The authorities are apparently as scared of Guy Fawkes 400 years on as they were all those centuries ago. A planned protest will be guarded as securely as the man himself tonight.

Scotland Yard is set to deploy thousands of extra police officers and impose tough public order restrictions over fears that a Bonfire night protest in London, against austerity and increased state surveillance, will turn violent.

The Million Mask march, planned for Thursday night, is part of a global protest movement organised by the internet activist group Anonymous. Anonymous have recently been in the news again for releasing membership details about people in the Klu Klux Klan.

The Million Mask march has become an annual event, and police fear a repeat of the unrest that occurred at last year’s demonstration. Last year fights broke out between riot police and protesters, many wearing the signature Guy Fawkes masks.

The Metropolitan police believes protesters plan to damage public monuments, attack police officers and try to occupy buildings, although where this belief comes from seems to be hidden. The owners of buildings identified as possible targets have been briefed by the police and will receive extra protection tonight.

Chief Superintendent Pippa Mills said, “Over the last few years this event has seen high levels of antisocial behaviour, crime and disorder.” She cited harassment of commuters in the capital, including on buses, which were being rocked and protesters jumping on car bonnets.

Mills would go on to add, “This year we have strong reason to believe that peaceful protest is the last thing on the minds of many of the people who will come along.”

A statement from the Met was also released stating a “significant policing operation” would be in place for the protest, including, but not limited to, “dedicated teams of highly flexible officers on standby at key locations in capital”.

Restrictions under the Public Order Act will also be imposed to confine the demonstration to Whitehall, Trafalgar Square and Parliament Square, and ban any protest after 9pm. If the managing of protests seem a touch unjust well that is simply the world we live in now, protestors must do so on the governments watch instead of their own.

Thursday’s demonstration is expected to focus on proposals to increase powers of the security services. It will come a day after the government is due to publish legislation seen as a revived snooper’s charter which was killed earlier in the year.
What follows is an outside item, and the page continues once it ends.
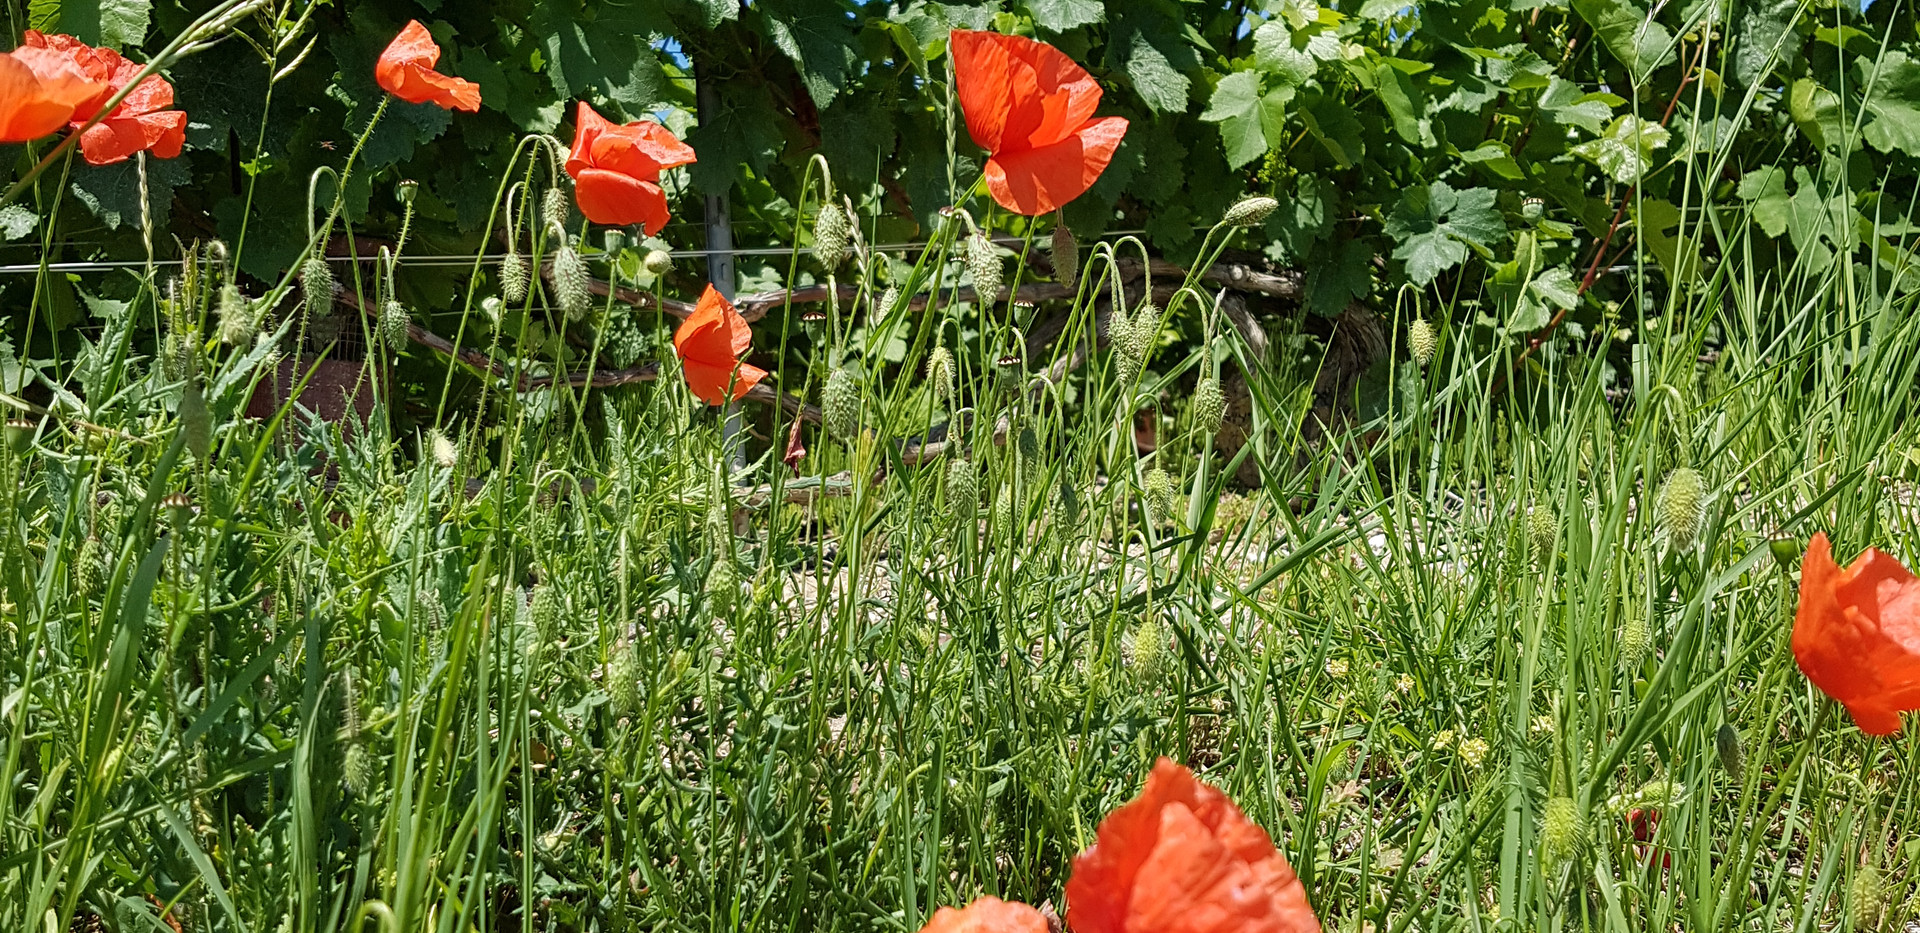 Vines in Vrigny

Under the plans, internet companies will be required to store details of every website visited by their customers for 12 months.

The organisers of the demonstration have urged supporters to descend on London in response to the “abuses and malpractice” of the government and the “profit and greed of the few”. The proposed law again is a massive danger to privacy of citizens as a whole but more specially it places surveillance over every persons head, which is far to Orwellian for my liking.

In a Facebook posting, they urged followers to gather at Trafalgar Square from 6pm. The post stated, “We have seen the abuses and malpractice of this government, and governments before it, we have seen the encroaching destruction of many civil liberties we hold dear, we have seen the pushes to make the internet yet another part of the surveillance state, we have seen the government’s disregard for migrants, for the poor, the elderly and the disabled, we have seen the capital, profit and greed of the few put before the well-being of the many and we say enough is enough.”

Let us hope that no violence erupts in the capital but the cause of protest is noble. Thousands of modern Guy Fawkes’ will stand for our freedom from oppression, our right to privacy, the belief that what we have ourselves remains ours alone and not that of the government.